Lepton universality is verified (no new physics)

In my December 27, 2015 post titled “Lepton Universality” I reported about the early experimental signs pointing to a possible violation of the lepton universality. More data and analysis from the ATLAS experiment at CERN showed however that the lepton universality is exactly true: electrons, muons and taus are produced equally often in weak decays.

Adam Falkowski reported about the recent findings in this blog post.

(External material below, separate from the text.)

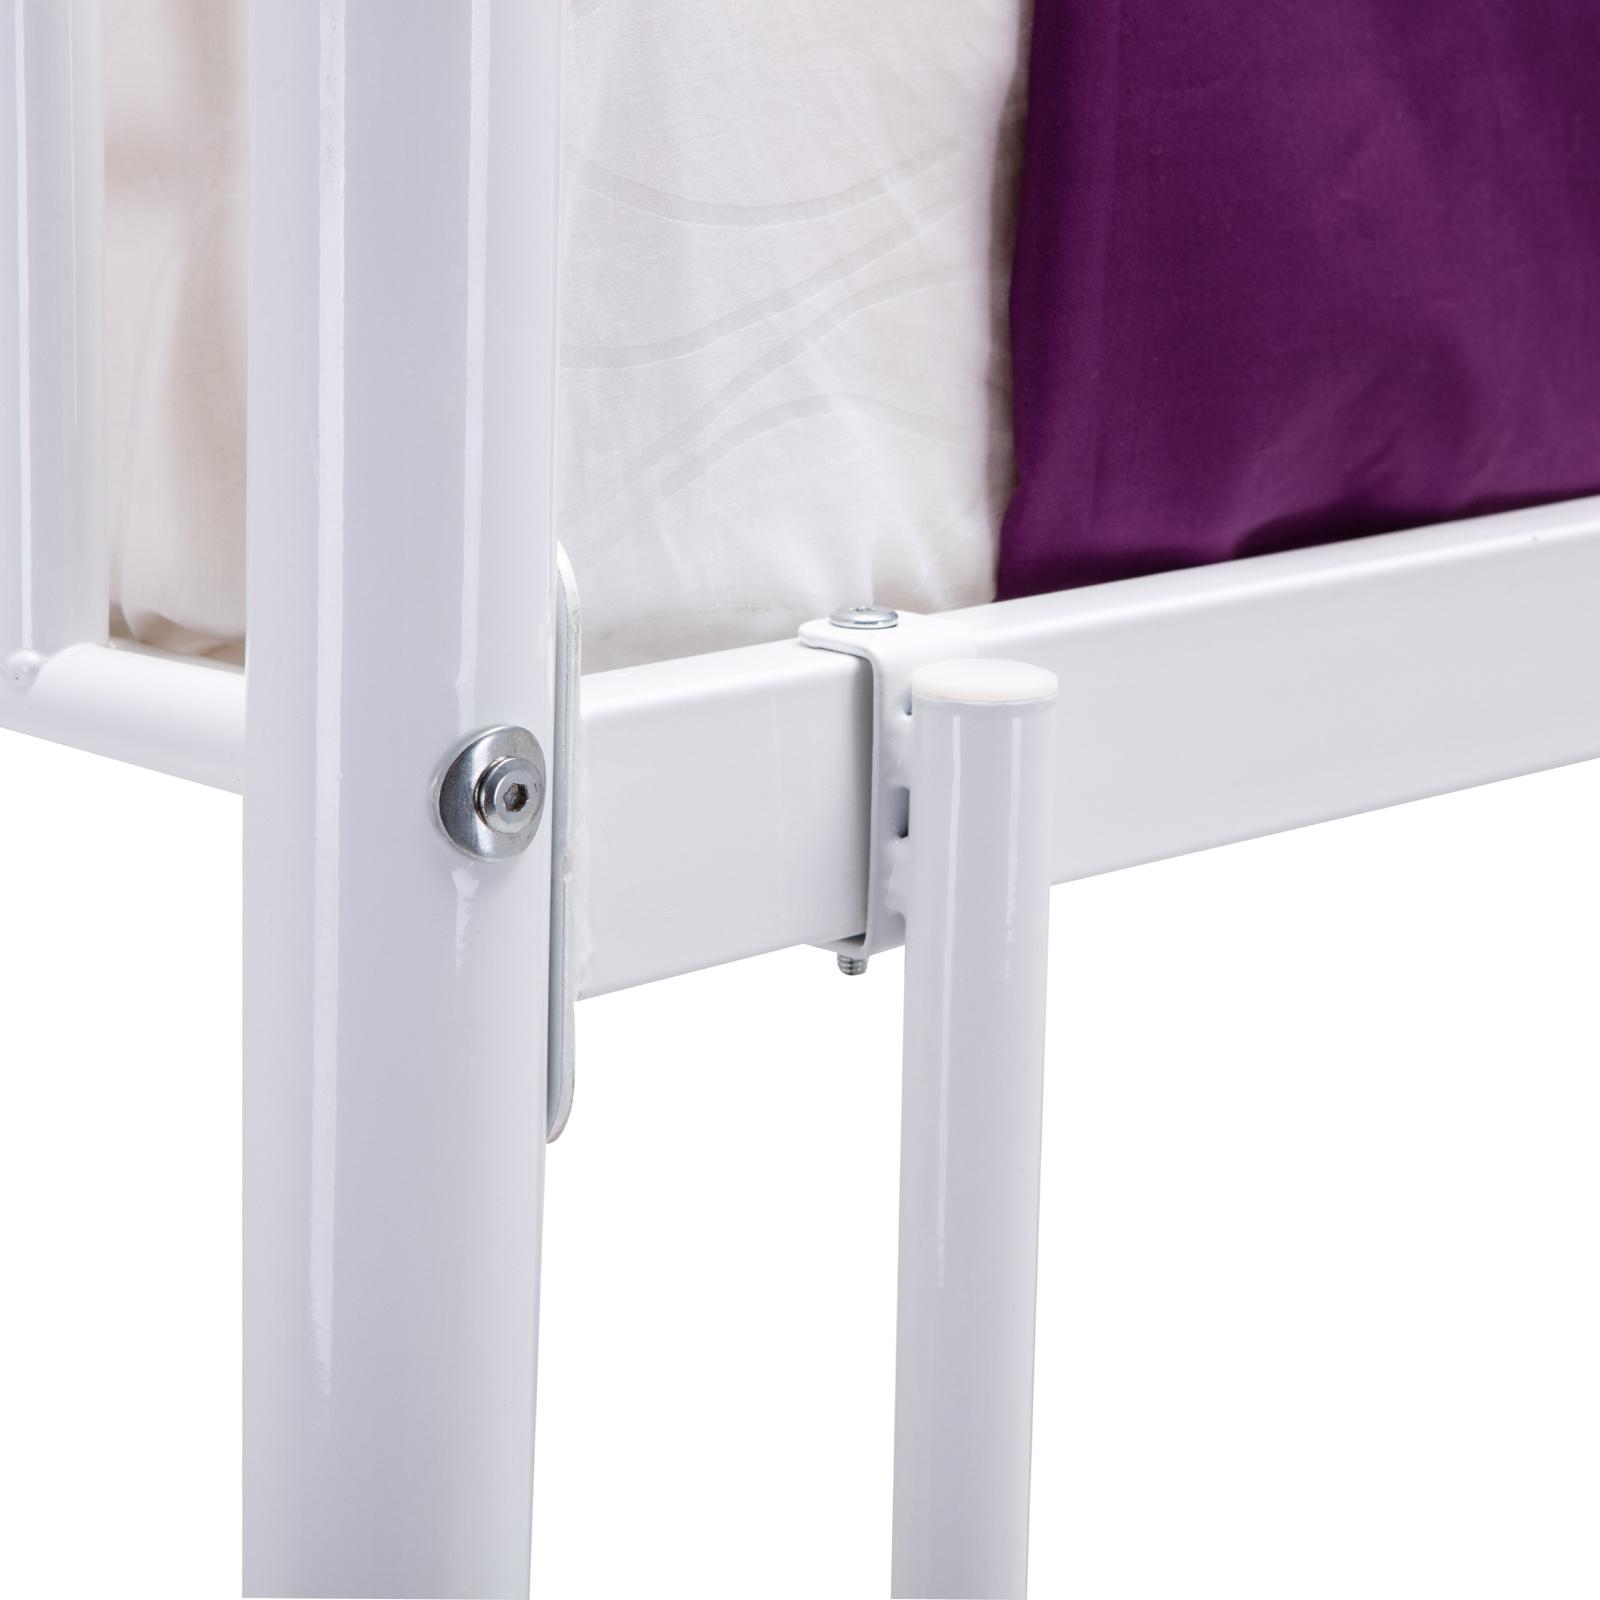 Metal-Bunk-Beds-Frame-Twin-over-Twin-Ladder-Bedroom-Dorm-for-Kids-Adult-Children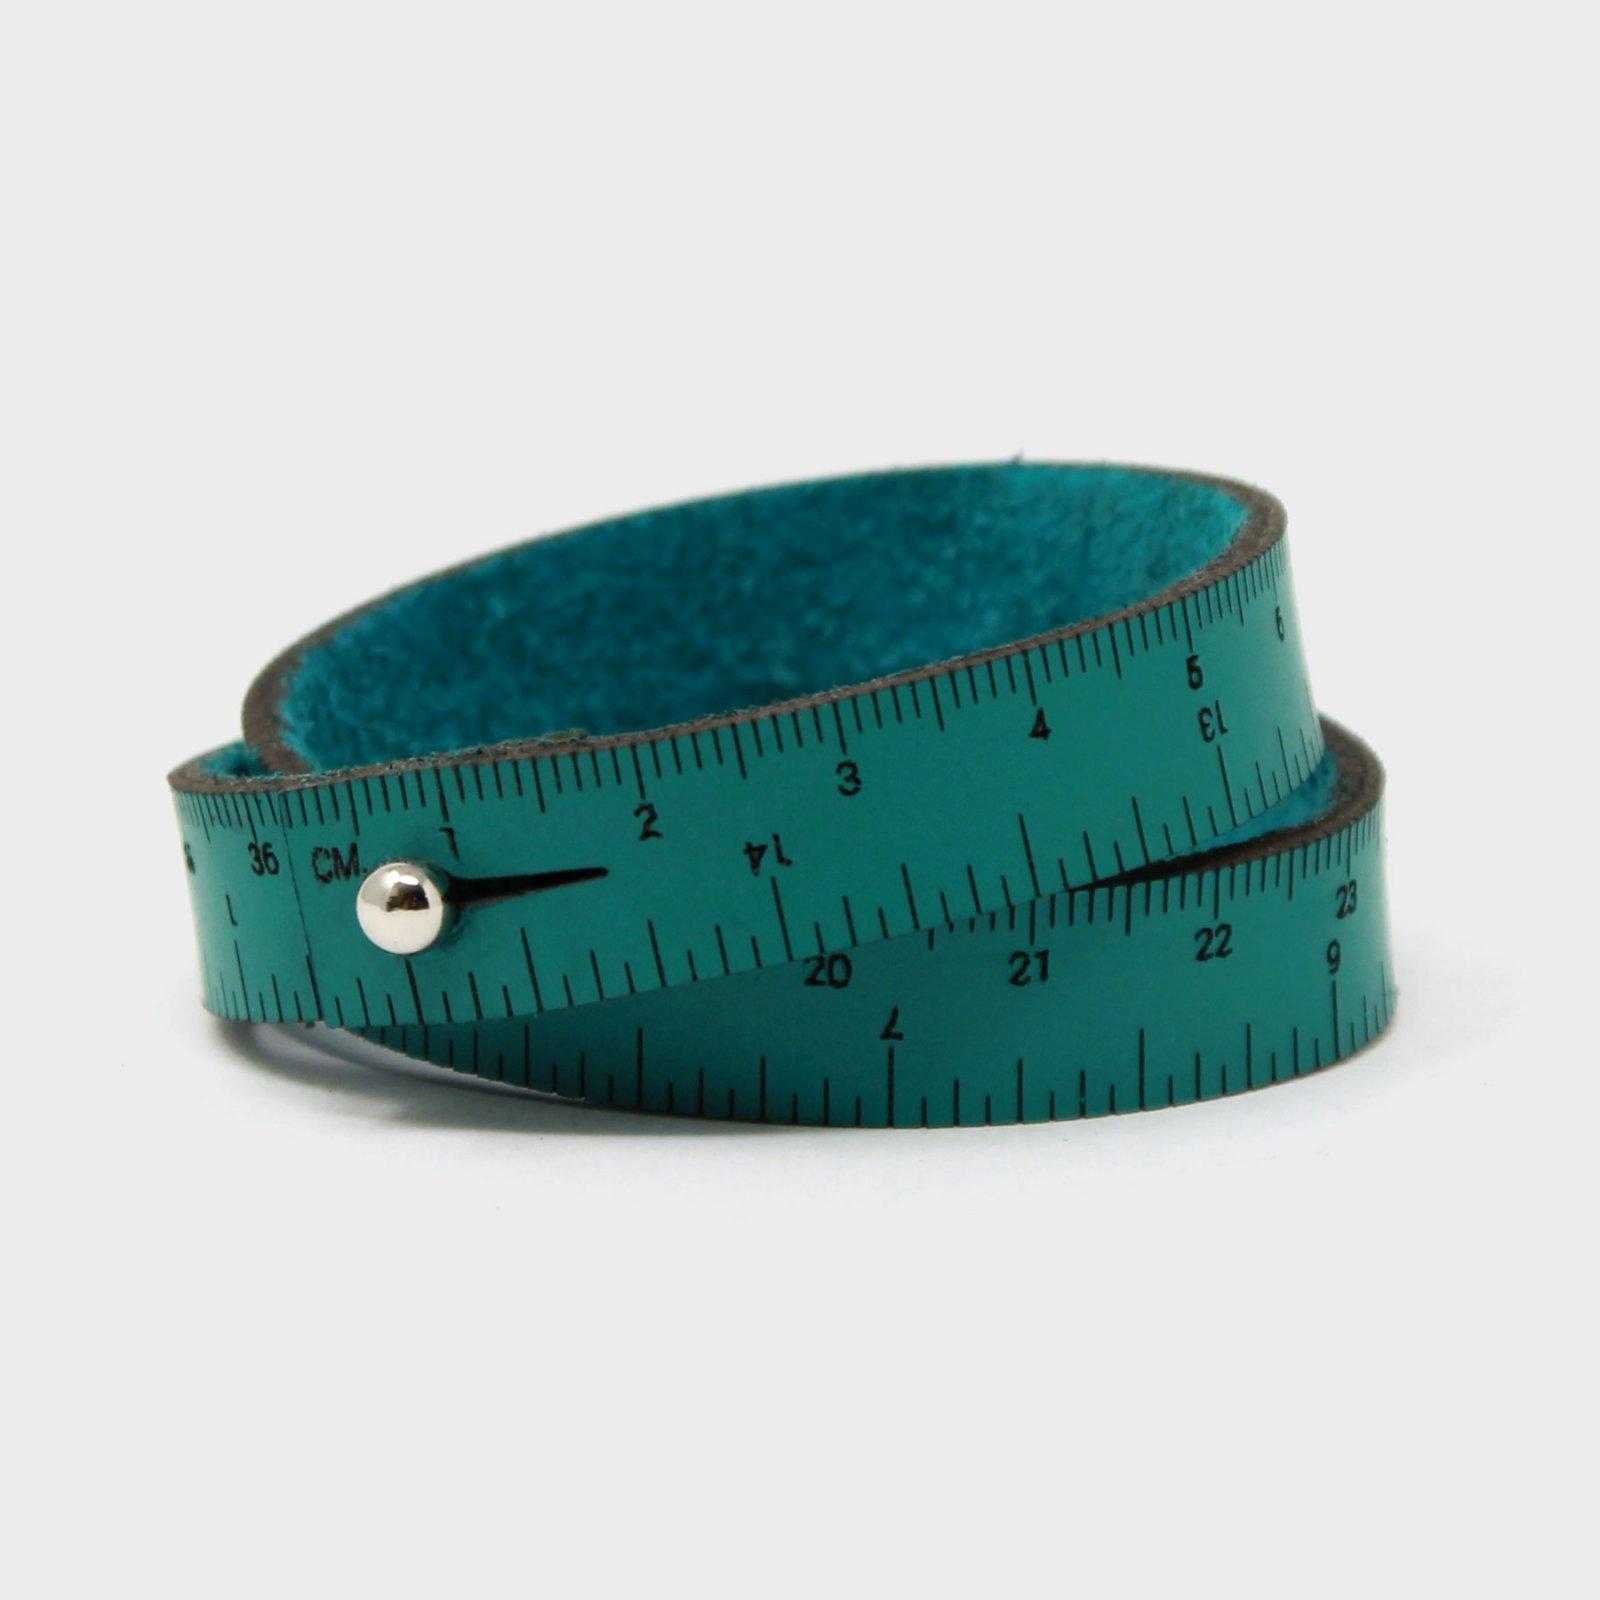 Wrist Ruler - Teal

“Within the present accuracy, the W boson couplings to all leptons are consistent with the Standard Model prediction, and with lepton flavor universality in particular. Some tensions appearing in earlier global fits are all gone. The Standard Model wins again, nothing to see here, we can move on to the next anomaly. ” – Adam Falkowski

credit: ATLAS experiment at CERN

Lepton universality (also known as lepton flavor universality) should not be confused with “charged lepton flavor violation“. In the comments section of Falkowski’s blogpost there is a clarification:

“Lepton flavor violation in the B-meson sector is still an unresolved issue, and it’ll be interesting to see how it plays out.” – Adam Falkowski

Speaking of B decays, there is an excellent review article titled “Review of Lepton Universality in B decays“.

Lepton universality

Ignoring the decays of the W^{+}, and ignoring the decay modes involving quarks and gluons, W^{-} decay modes are:

W^{-} \rightarrow electron + electron type antineutrino

W^{-} \rightarrow muon+ muon type antineutrino

W^{-} \rightarrow tau + tau type antineutrino

Muon is 206.85 times heavier than electron and tau is 16.8 times heavier than muon. The rates (probabilities) (also known as branching ratios) of the decays mentioned above are the same which is 10.8%. This is known as lepton universality or lepton flavor universality.